» WORK TO BE COMPLETED
Below are the records; extract from them the line containing "Förtrollande natur : flora" to the line containing "Freiburg – Camping", both lines included, exactly and with no pictures.

» DATASET RECORDS
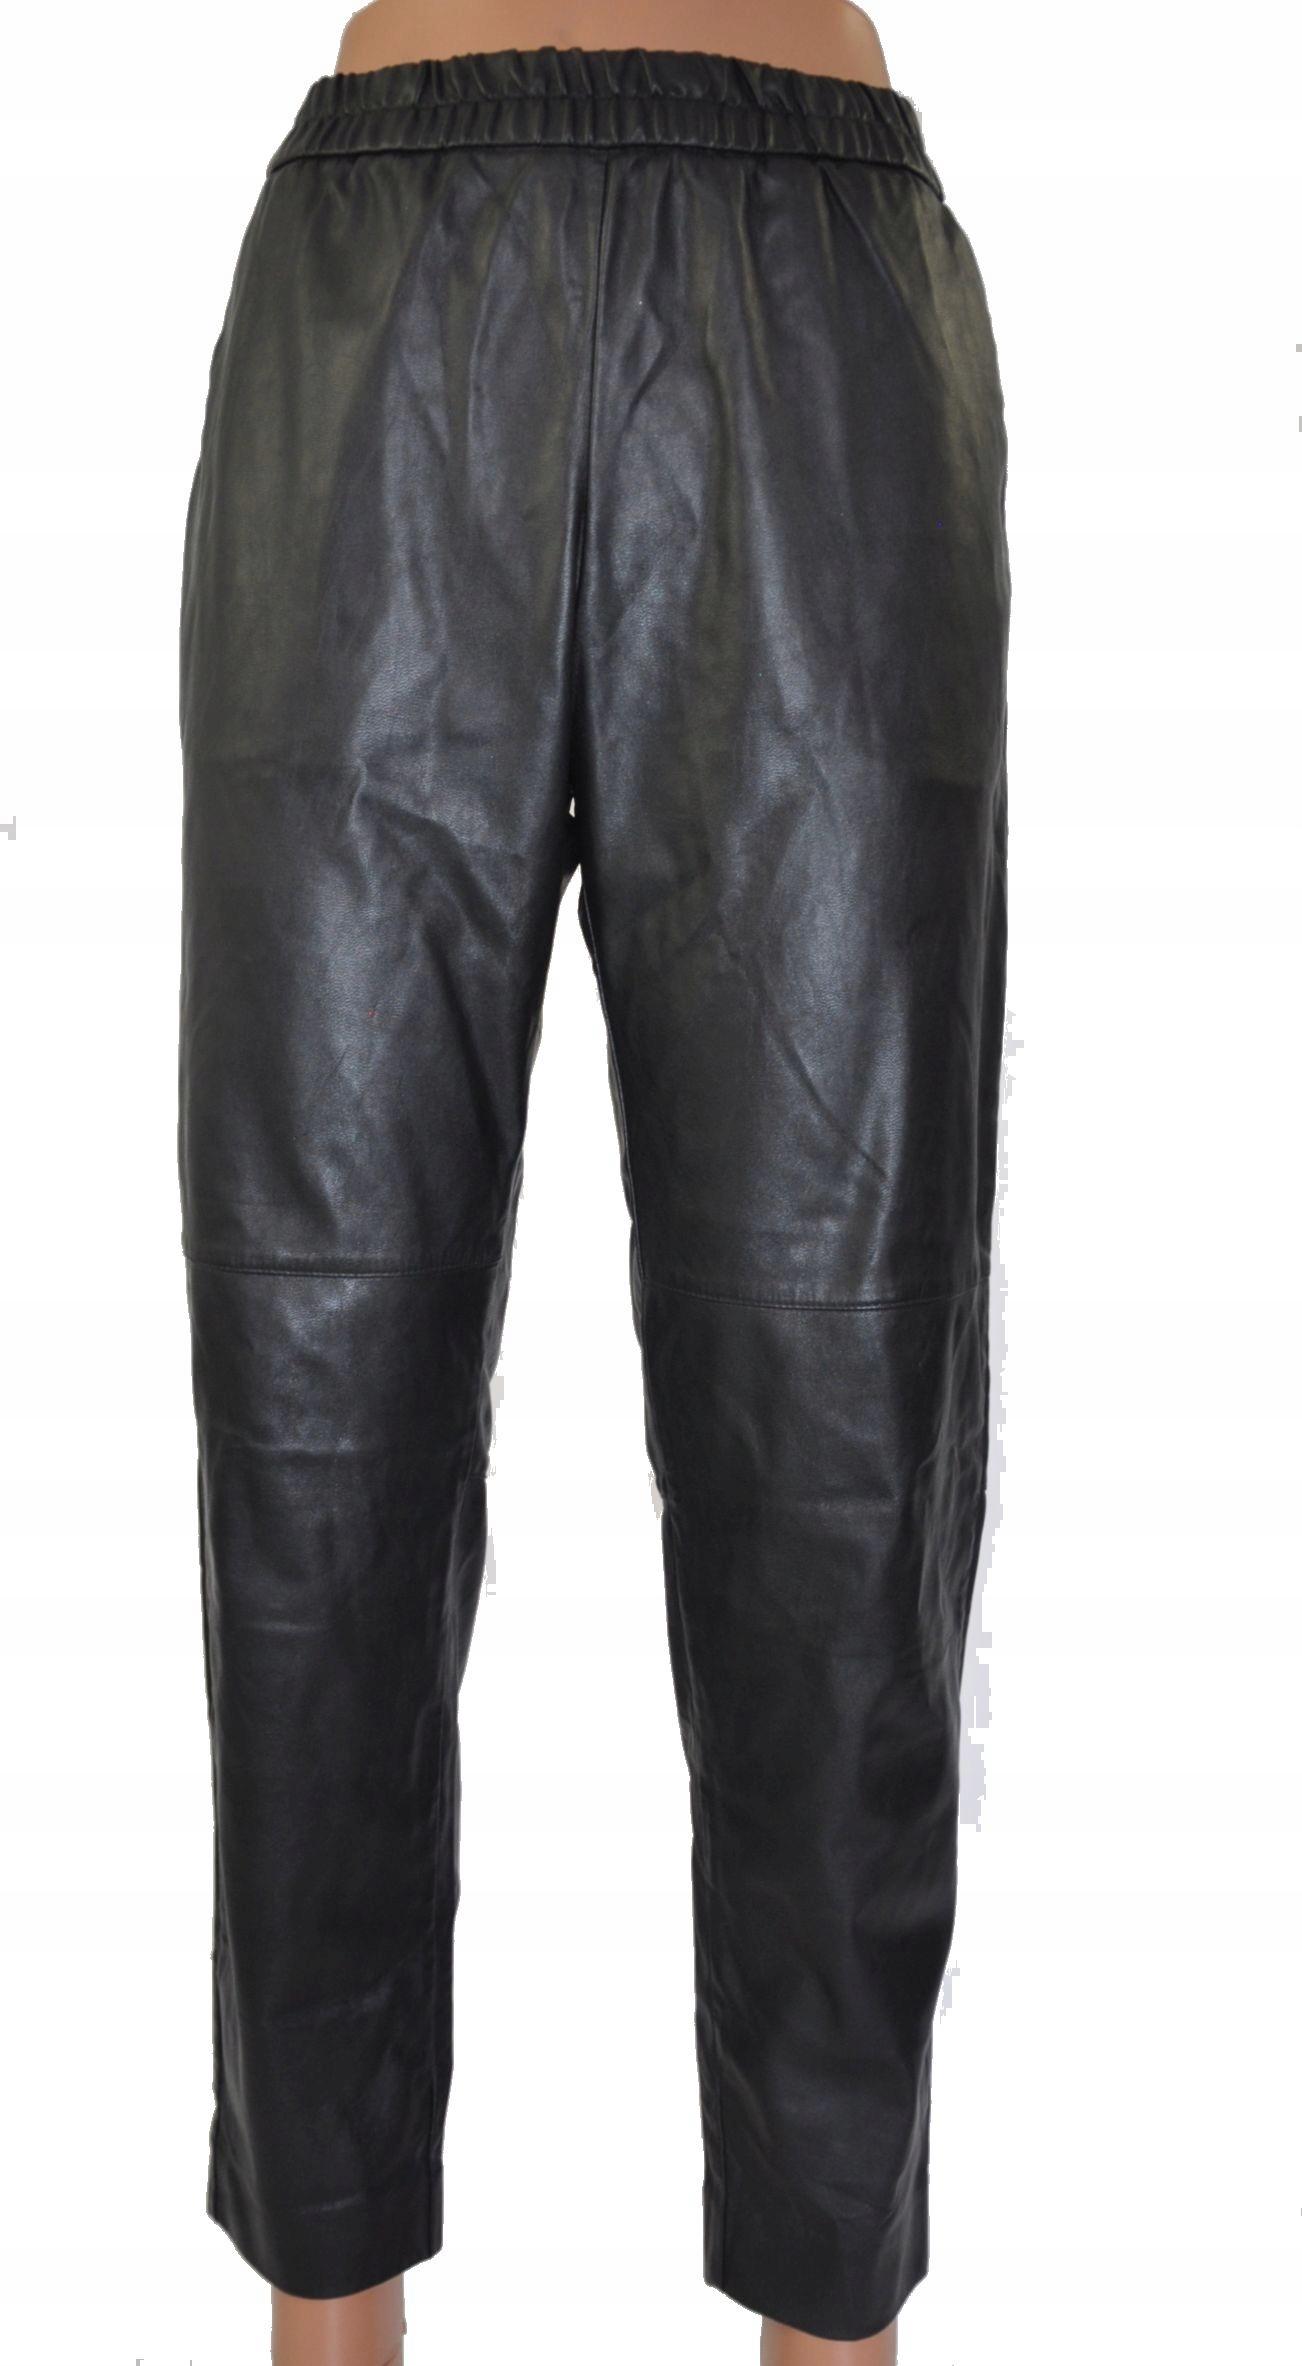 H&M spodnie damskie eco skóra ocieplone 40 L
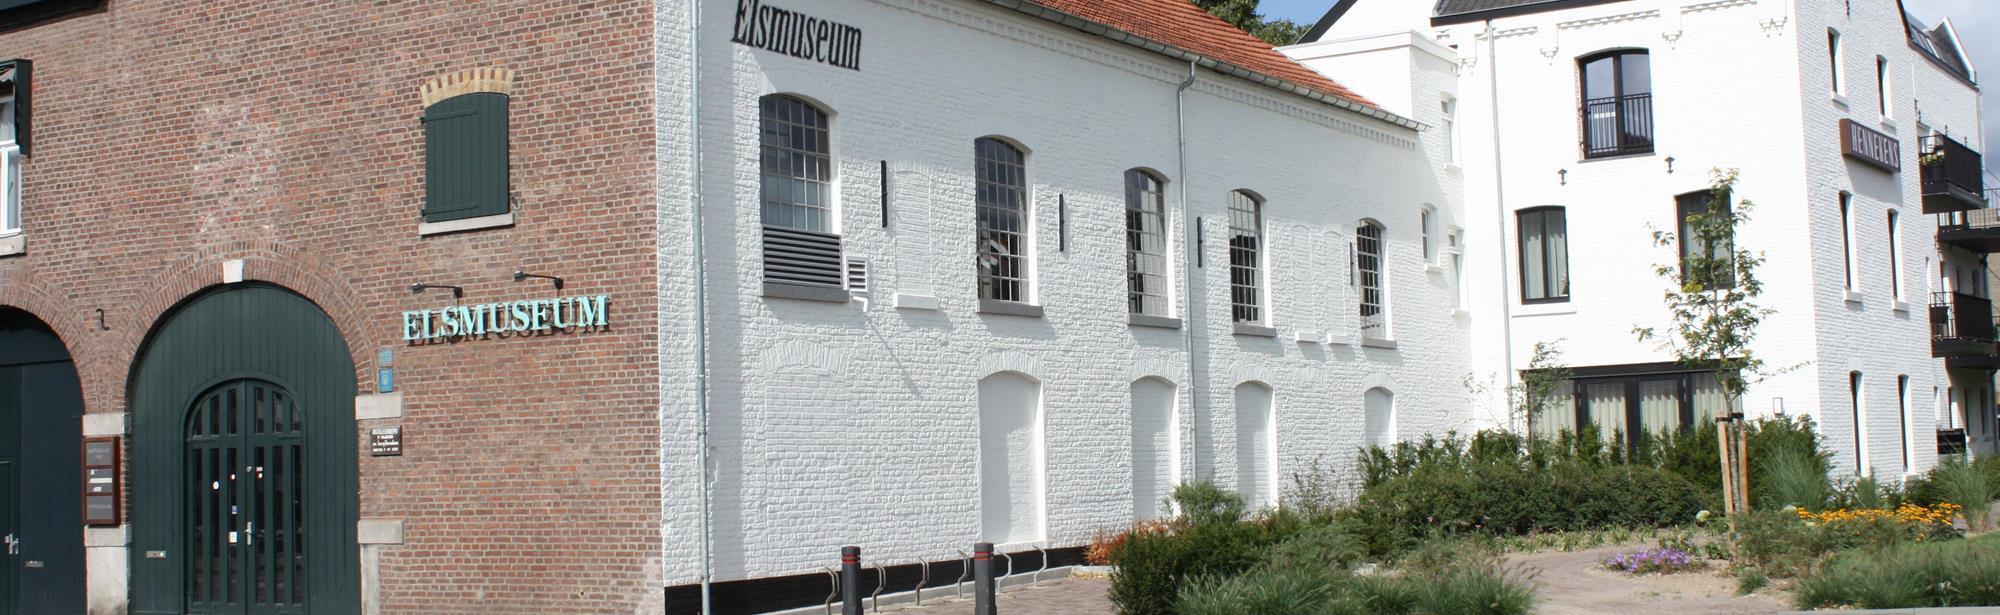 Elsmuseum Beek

---

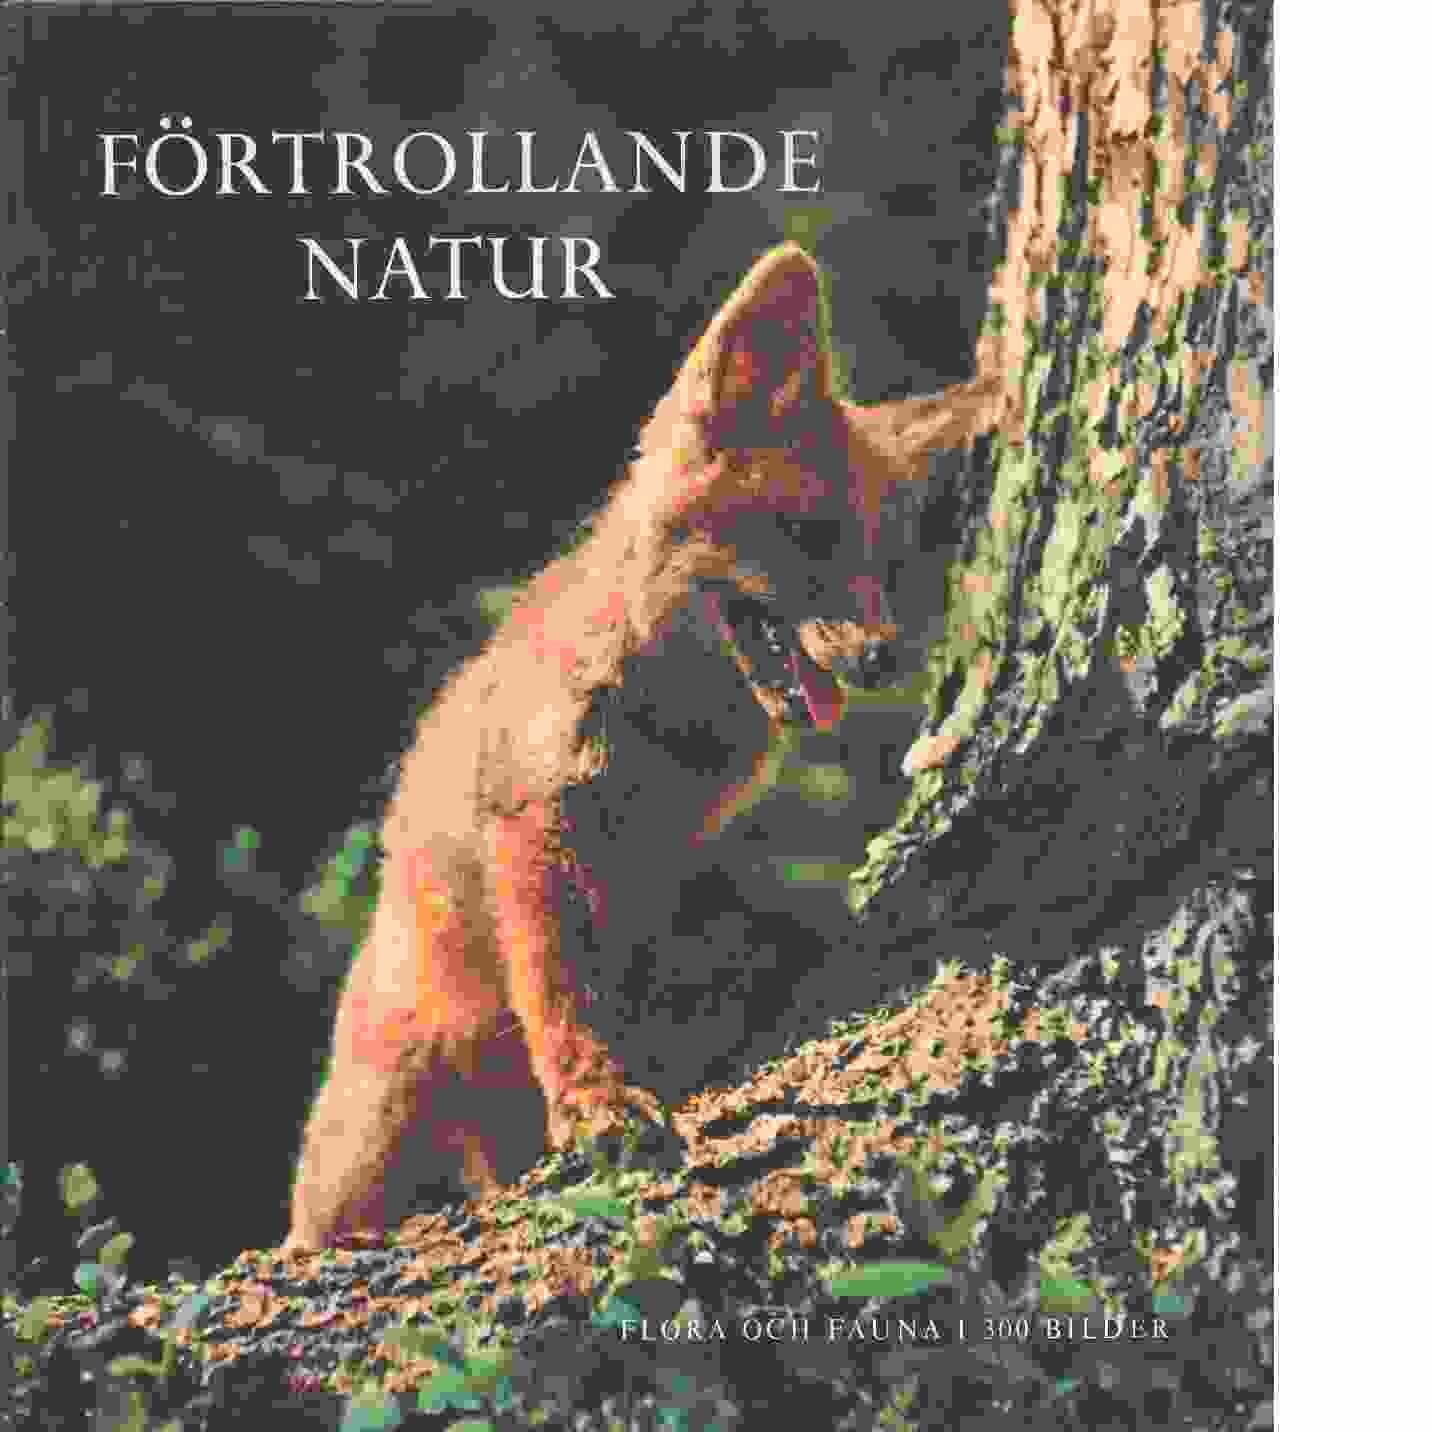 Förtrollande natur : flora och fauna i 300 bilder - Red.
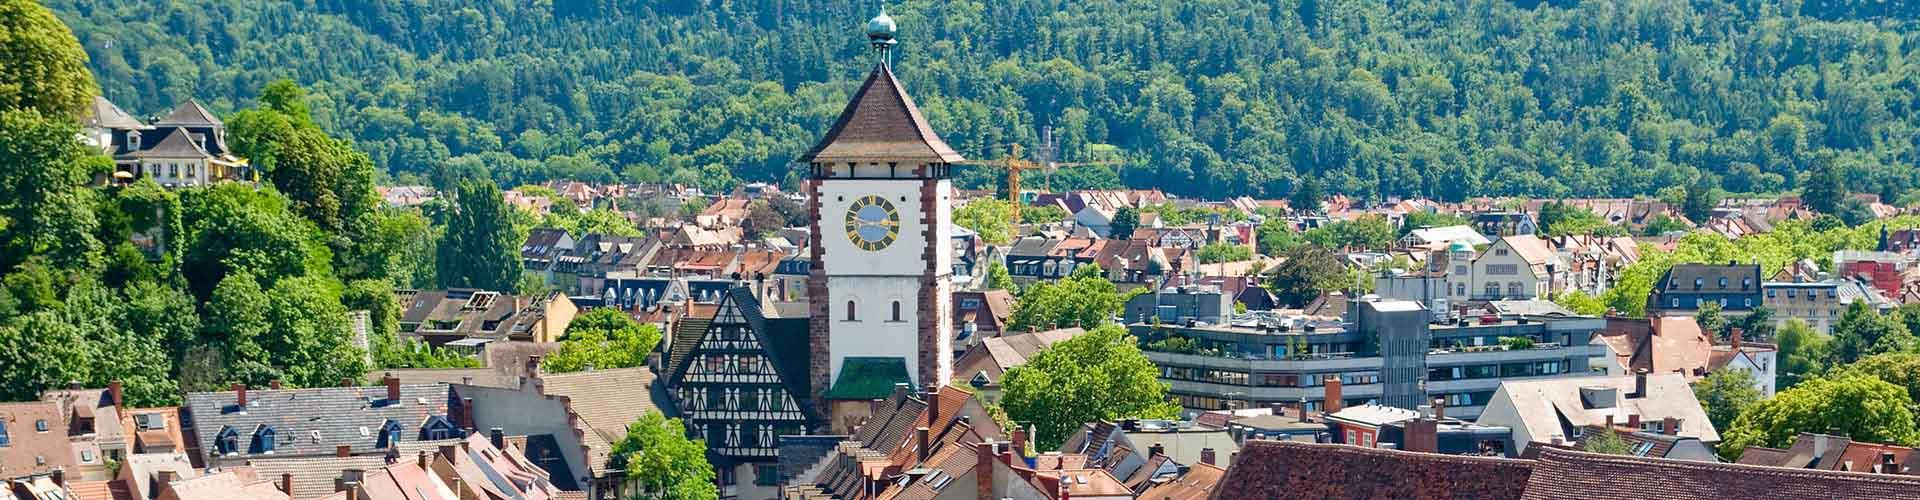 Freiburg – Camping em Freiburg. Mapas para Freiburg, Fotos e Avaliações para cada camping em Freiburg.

* * *

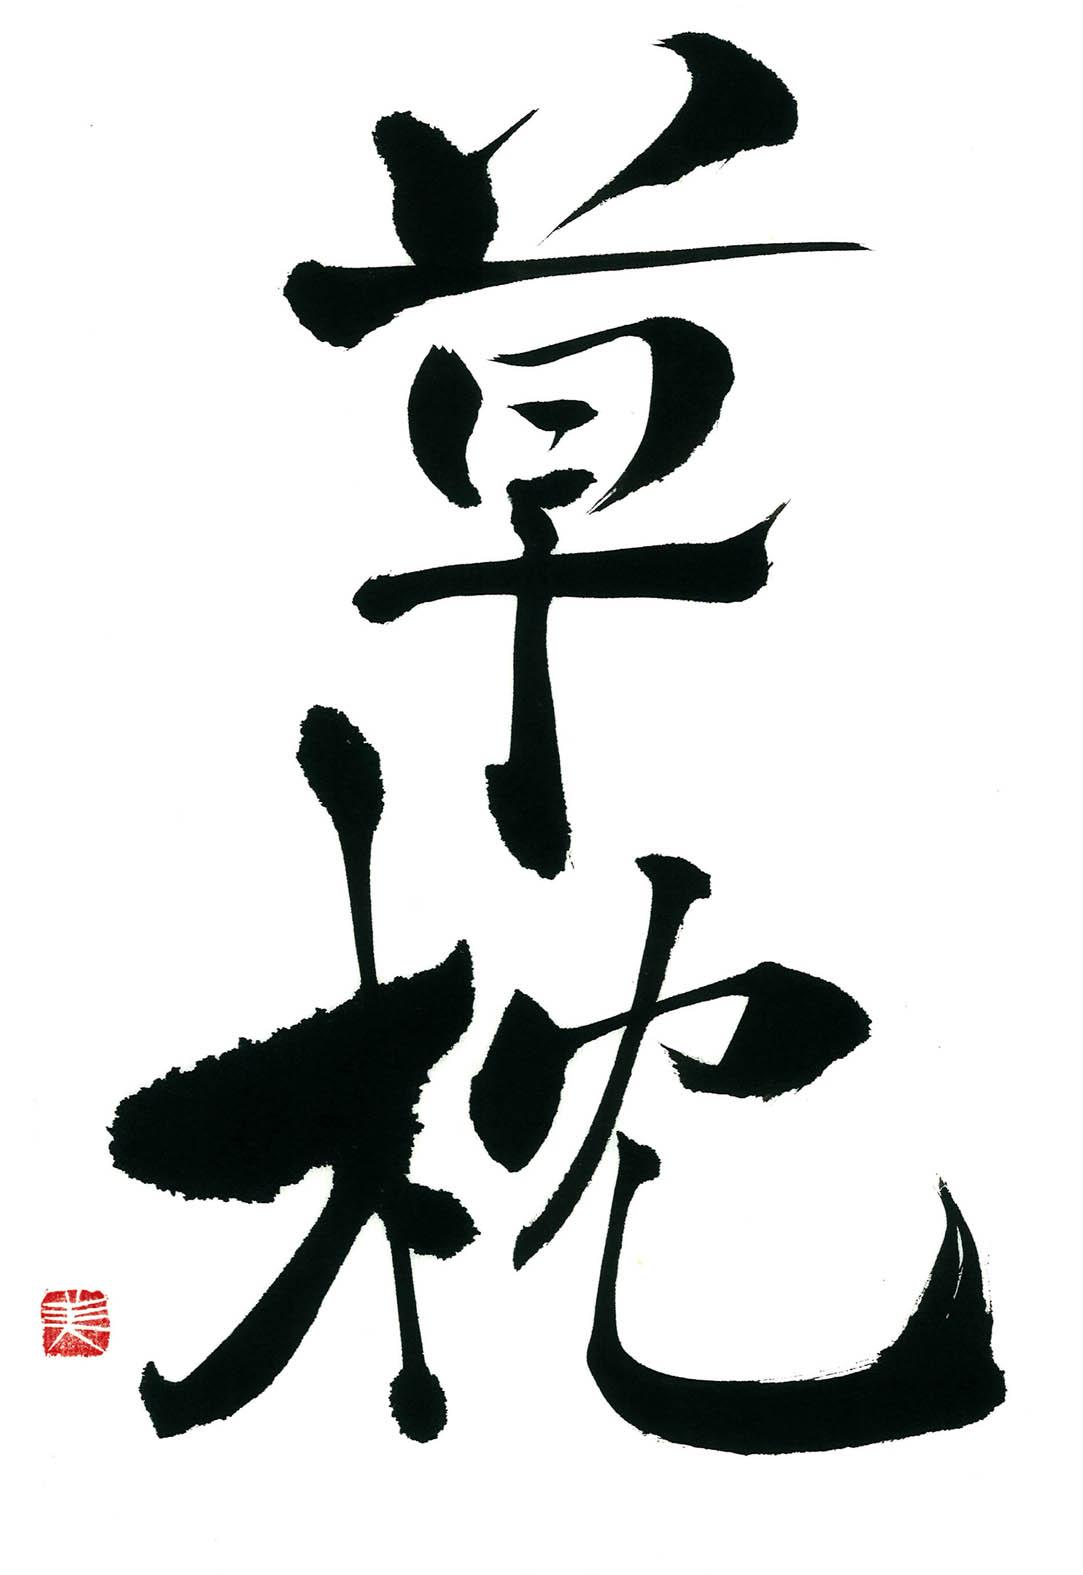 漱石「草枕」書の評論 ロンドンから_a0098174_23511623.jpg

» EXERCISE RESULT
 Förtrollande natur : flora och fauna i 300 bilder - Red.
 Freiburg – Camping em Freiburg. Mapas para Freiburg, Fotos e Avaliações para cada camping em Freiburg.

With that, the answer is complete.